Tell us how it went!!


----------



## Justice (Oct 9, 2005)

Well, I now need to find the TSB on the rear-end whine issue. The dealer claimed the warranty was void on the diff since "It's obviously been opened" because of the blue sealer. They made me pay $160+ for changing the fluid in the diff. I could have sworn one of the steps to the TSB was for them to try changing out the fluid before replacing the diff. If that's the case, and since it's obviously NOT a voided warranty, I want to try to get my money back for the fluid change.


----------



## GTO JUDGE (May 14, 2005)

Justice said:


> Well, I now need to find the TSB on the rear-end whine issue. The dealer claimed the warranty was void on the diff since "It's obviously been opened" because of the blue sealer. They made me pay $160+ for changing the fluid in the diff. I could have sworn one of the steps to the TSB was for them to try changing out the fluid before replacing the diff. If that's the case, and since it's obviously NOT a voided warranty, I want to try to get my money back for the fluid change.


*Seems to me you were shafted.... IF the differential was opened, there would be marks on the painted bolts from air guns when they were removed and replaced..... 

I had my oil changed out in my differential as the first step in correcting the whine. The fluid was replaced with a thicker viscosity synthetic fluid. They will not have to open the differential for that. The fluid is sucked out, and replaced without removal. My differential was eventually replaced under warranty because the replacement oil failed to correct the whine. 
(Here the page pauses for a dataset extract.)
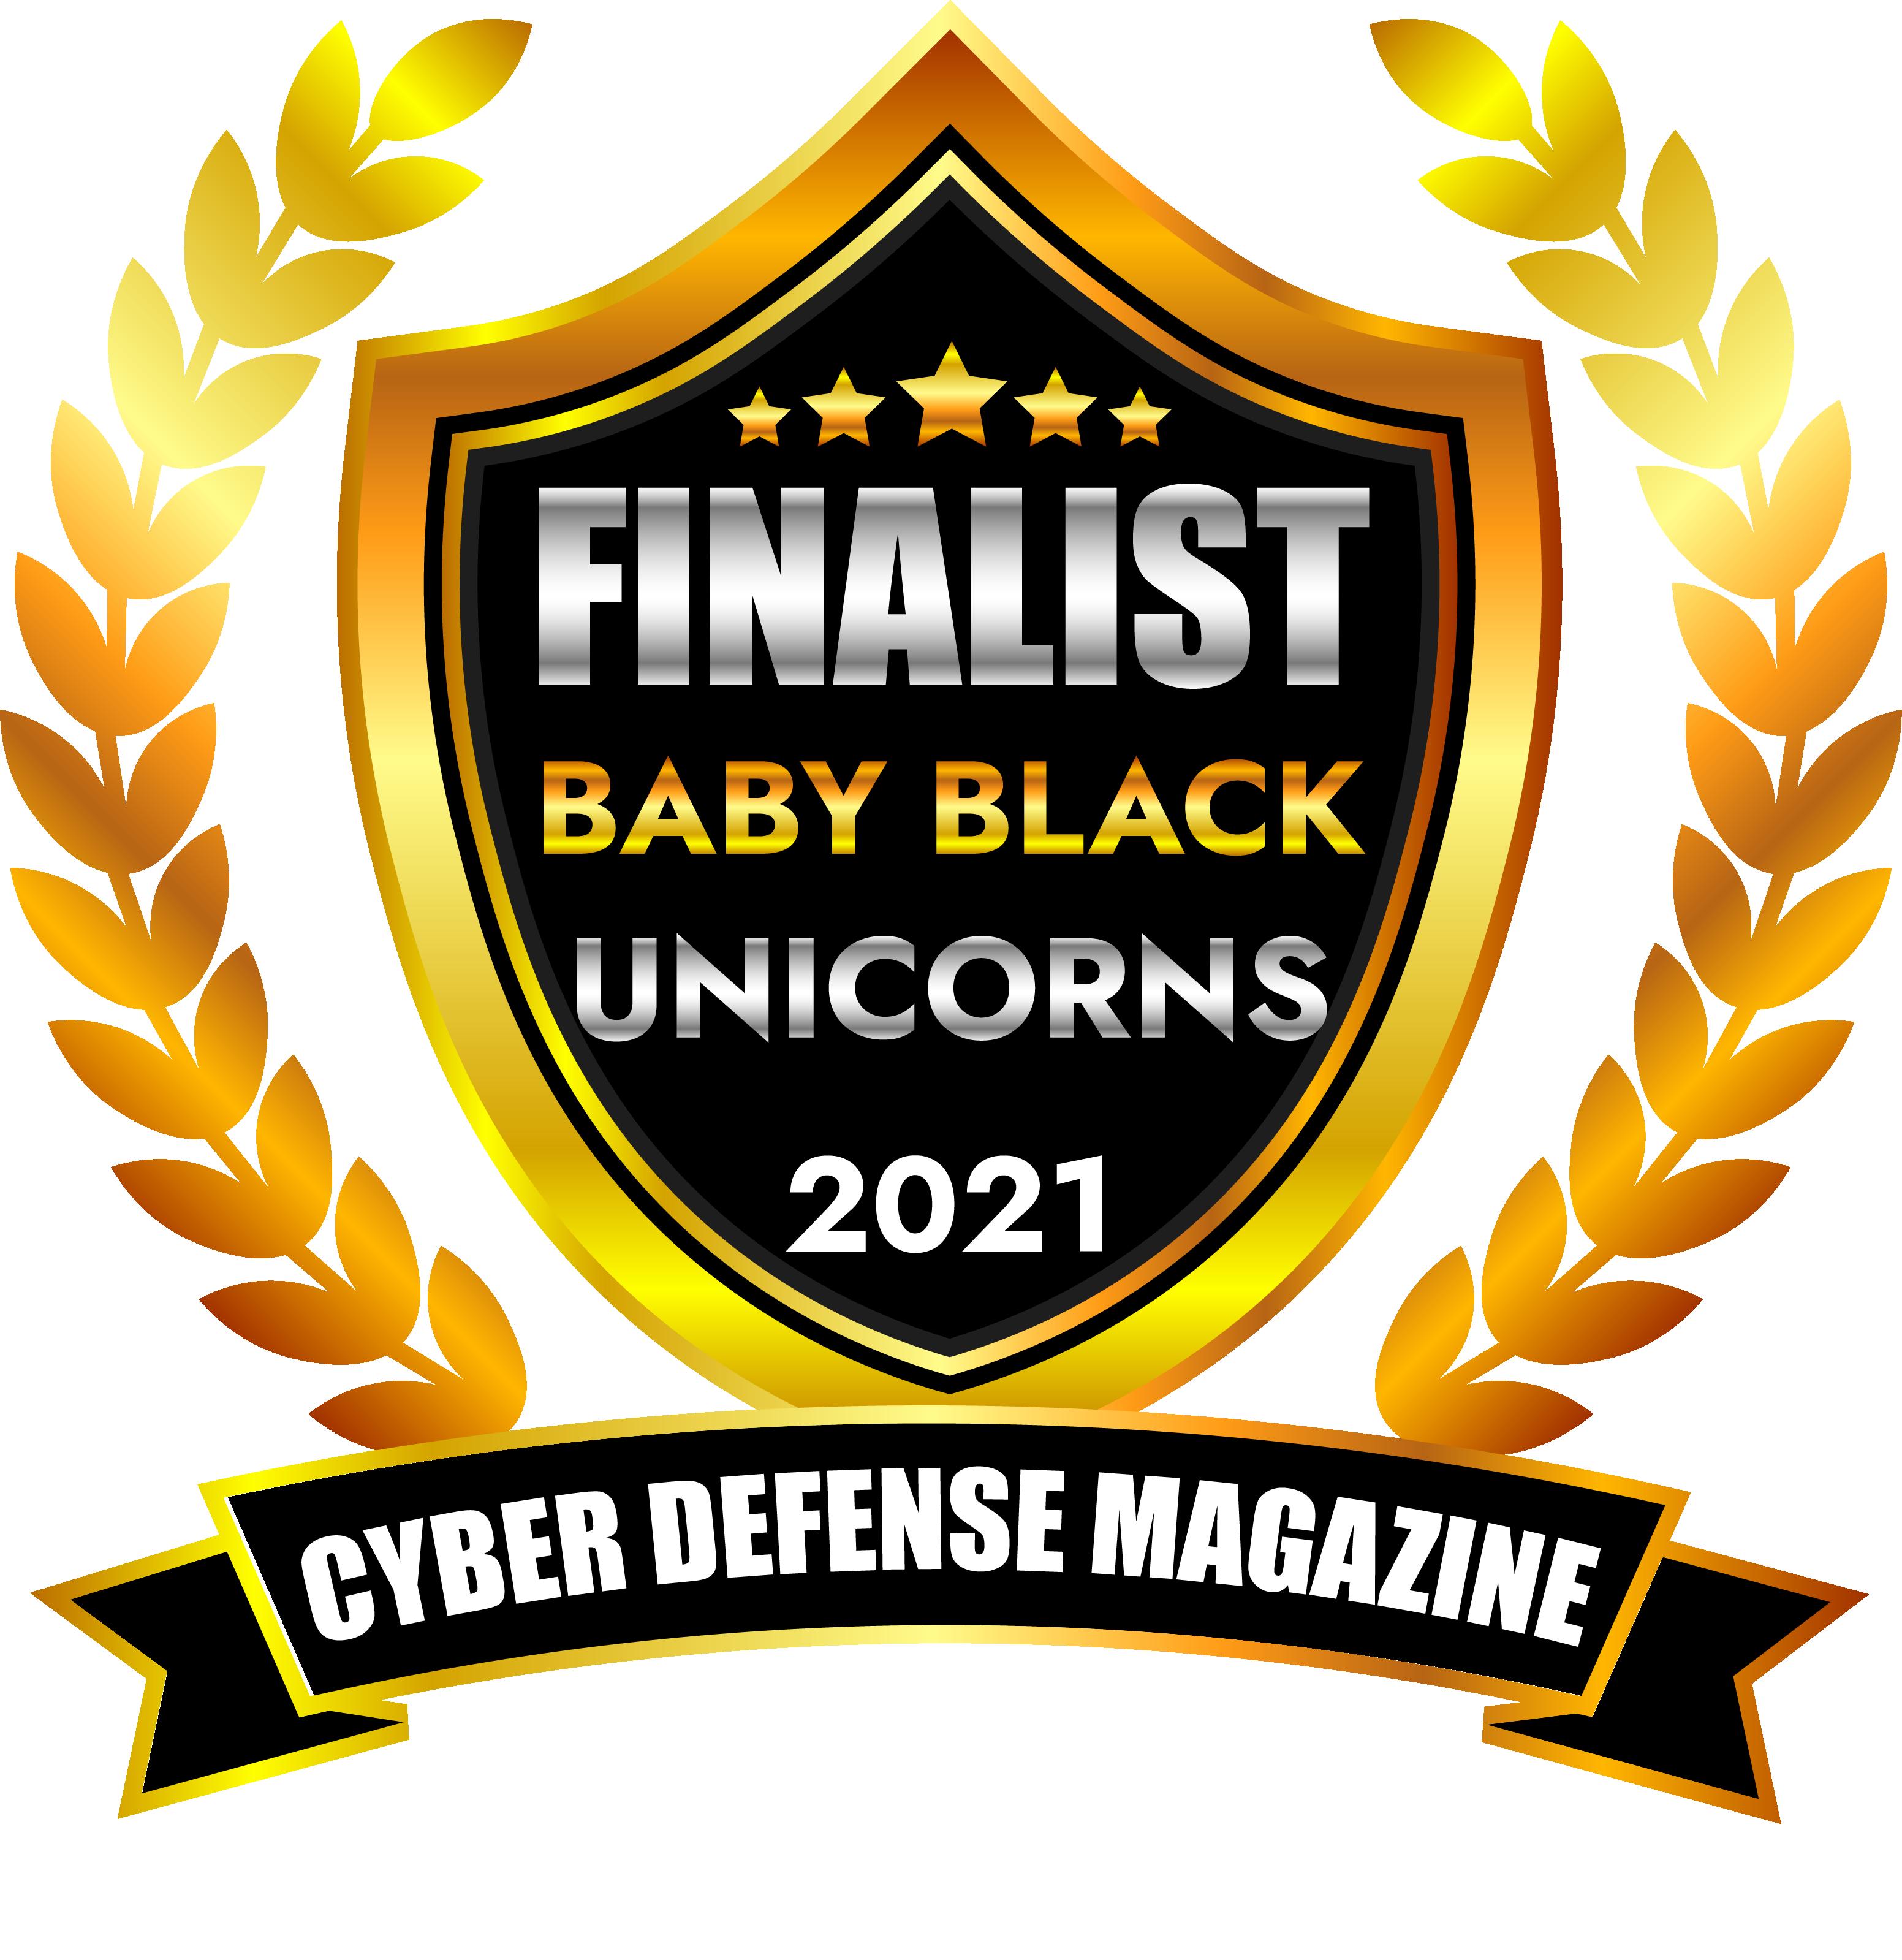 TRUU NAMED FINALIST IN 2021 BLACK UNICORN AWARDS

You are correct in the fact that there is a TSB out on that and the first step is to change out the fluid. My dealer showed me this TSB before any work was performed. If your dealer tells you there is no TSB out on this they are lying, I READ IT. It came from Dana Corporation through GM. This is to be done BEFORE any change out is done. 

I would call around to other Pontiac service centers and inquire. If that nets you a 0 result, then I'd seek legal advice.

Your dealer IMO is not doing the necessary leg work to resolve an obvious defect. 

The factory may use the blue gasket sealer, but that does not mean a service center uses the same. They could use the same type of sealer from a different vendor which may use a different color as long as it meets GM standards. Even then, some dealers may use the cheapest cost sealer that meets their low cost standards. 

Your dealer does not think much of you as a customer. Imagine what they are doing to others that think their word is sacred. *


----------



## Justice (Oct 9, 2005)

Does anyone have the actual TSB Number for this?! I can't seem to find it.


----------



## Groucho (Sep 11, 2004)

Sorry to hear of your troubles...but if it helps, you're not alone.

GM's biggest challenge isn't labor issues or product-- It's their own incompetent / lazy / corrupt dealer service network. 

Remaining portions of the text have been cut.